=== WHAT THIS TASK INVOLVES ===
Each line below must be transcribed exactly, and no picture may appear in the transcription.

START DATASET CONTENT

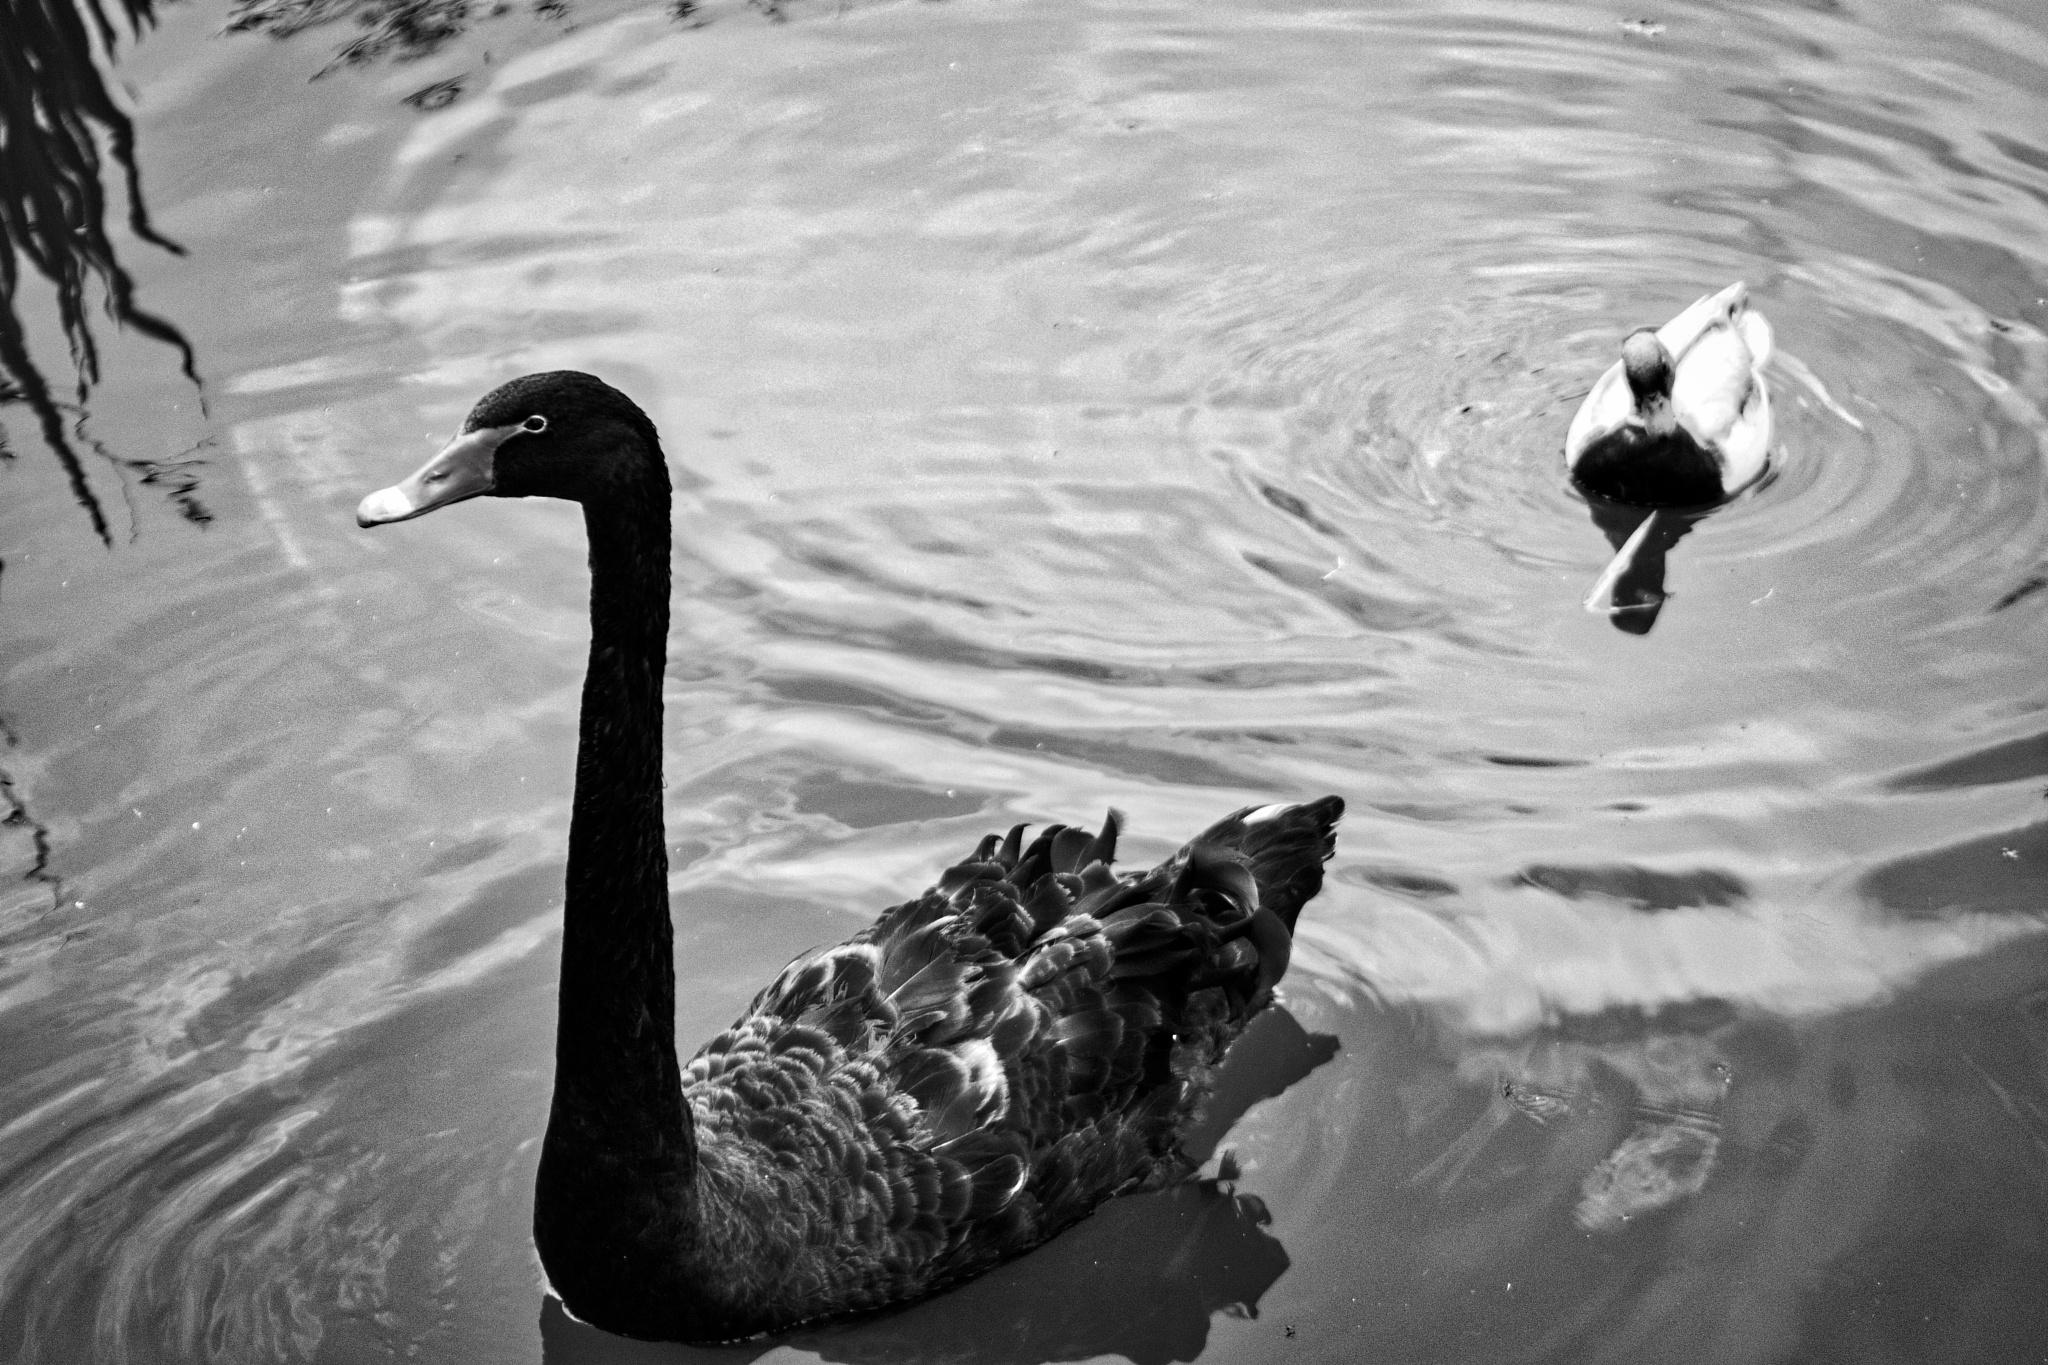 Follow the Leader  by Wayne L. Talbot
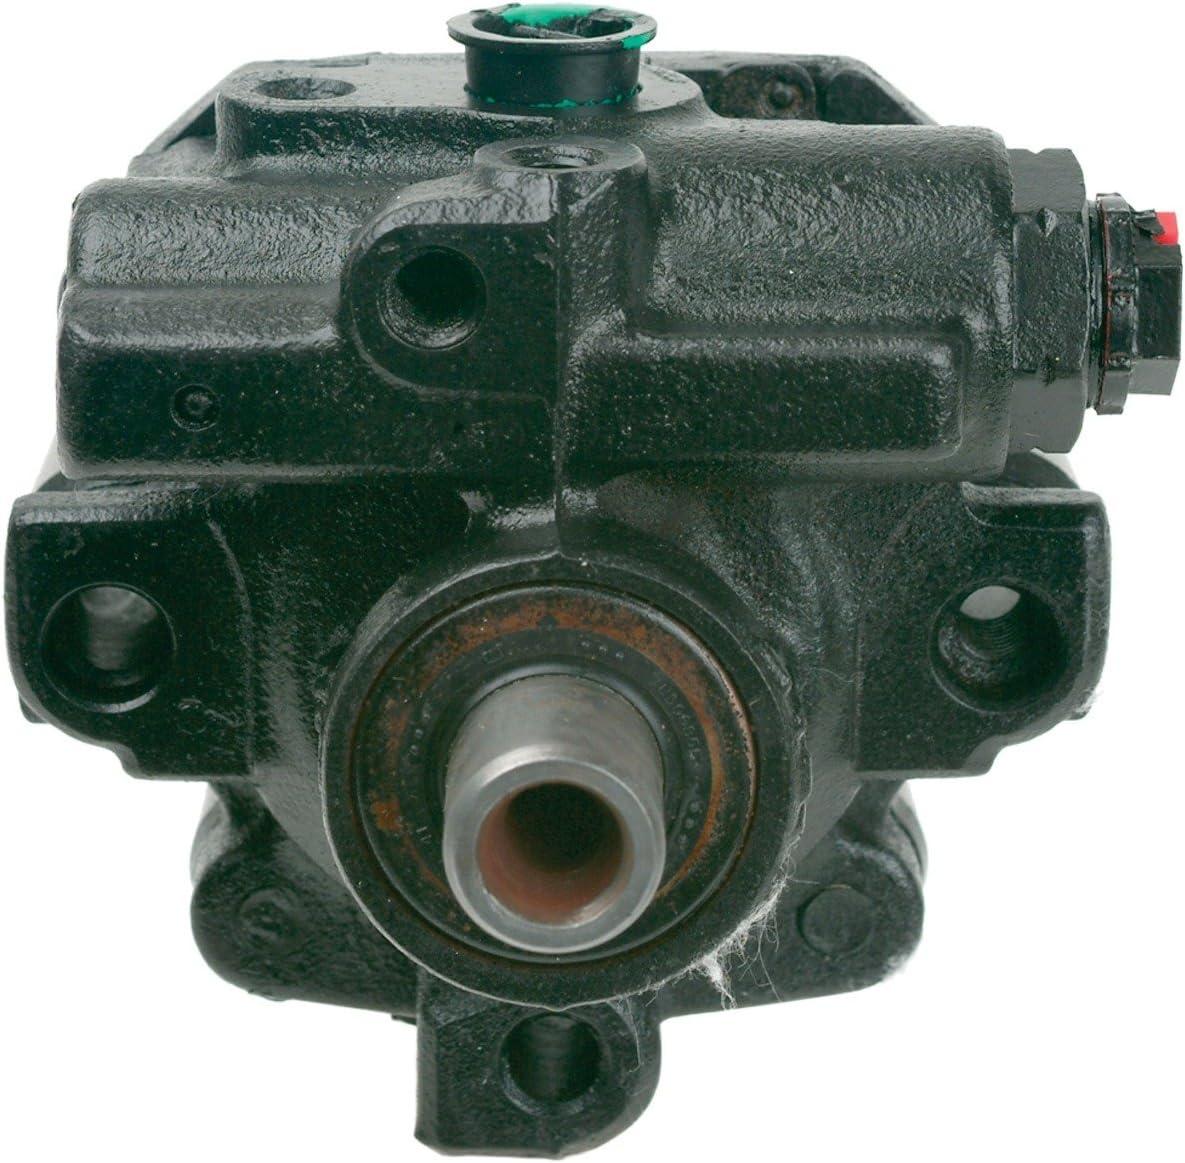 Cardone 21-5305 Remanufactured Import Power Steering Pump
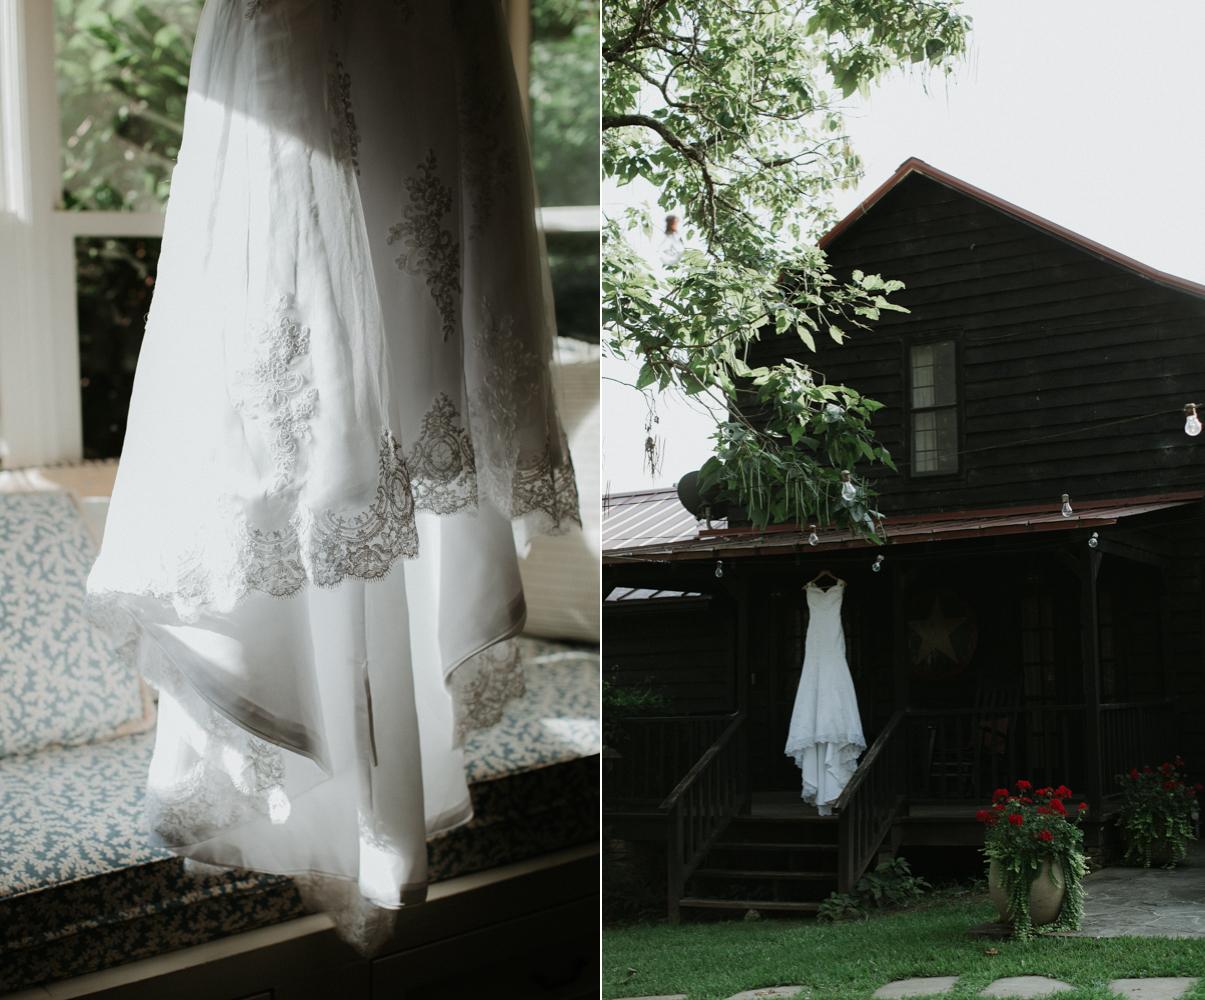 Atlanta_wedding_photographer_Inn_at_Serembe_intimate_elopement_sunset_artistic_photography_Gabriela_and_Felipe_doble4.jpg
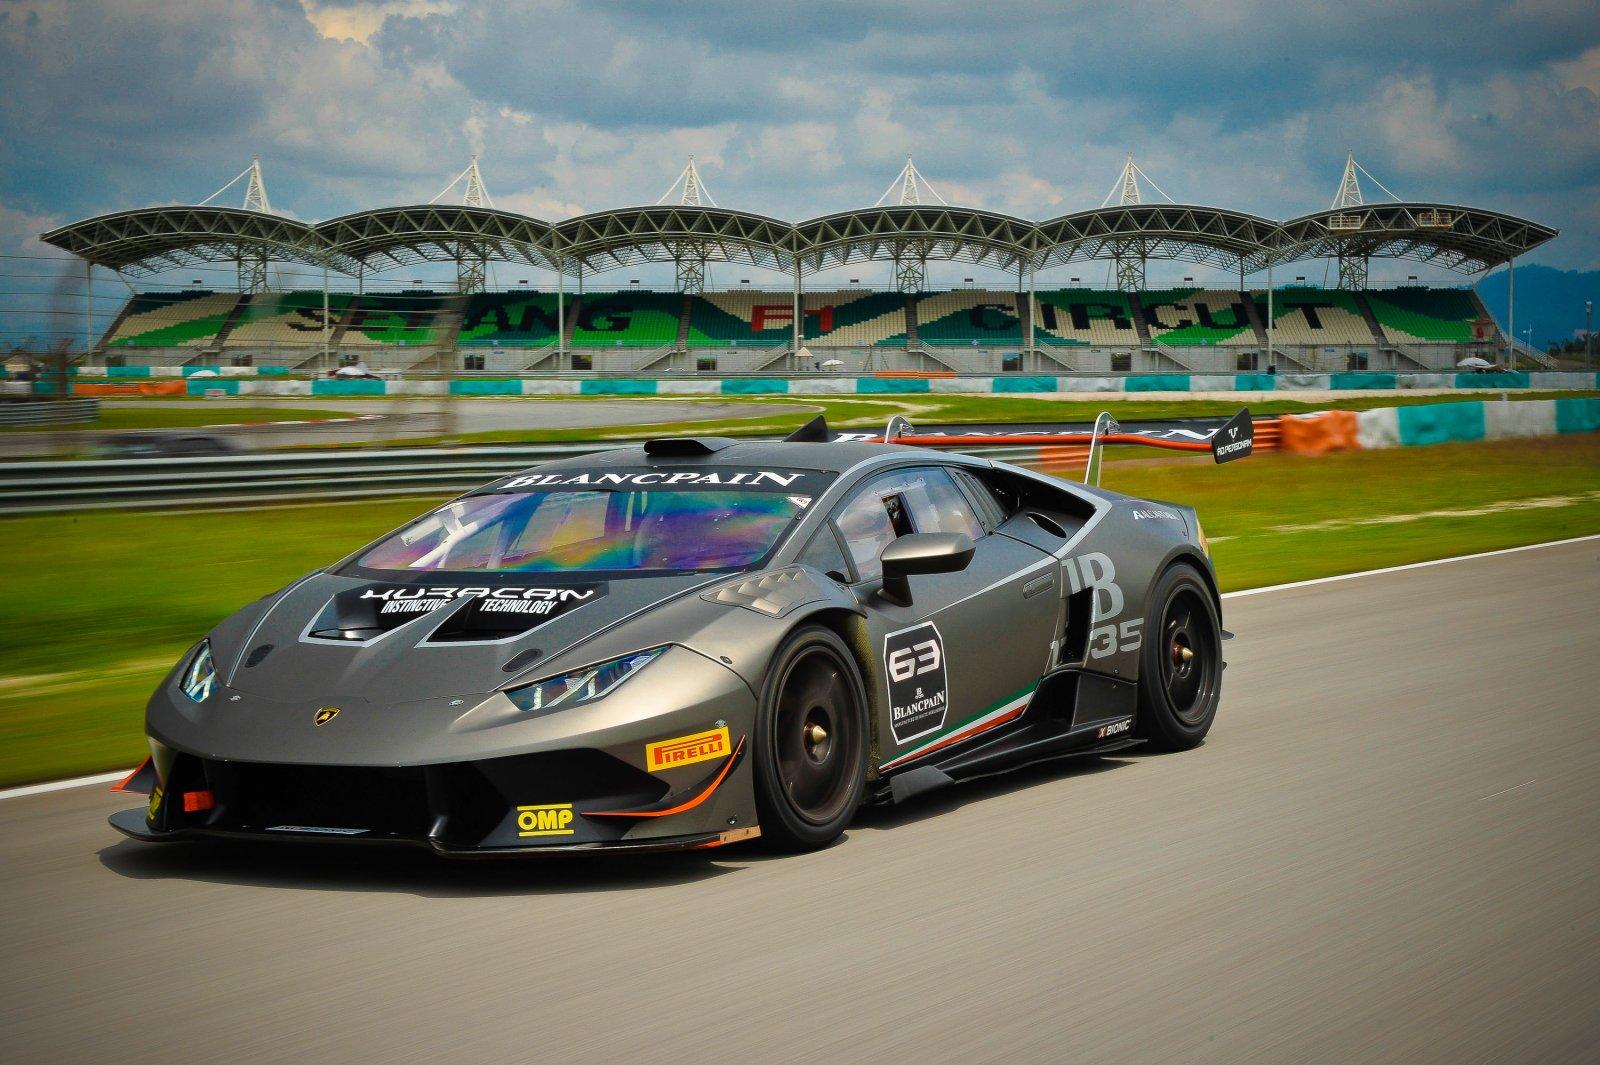 Lamborghini Blancpain Super Trofeo again joins forces with Blancpain Endurance Series

END DATASET CONTENT

=== OUTPUT OF THE TASK ===
 Follow the Leader  by Wayne L. Talbot
 Cardone 21-5305 Remanufactured Import Power Steering Pump
 Atlanta_wedding_photographer_Inn_at_Serembe_intimate_elopement_sunset_artistic_photography_Gabriela_and_Felipe_doble4.jpg
 Lamborghini Blancpain Super Trofeo again joins forces with Blancpain Endurance Series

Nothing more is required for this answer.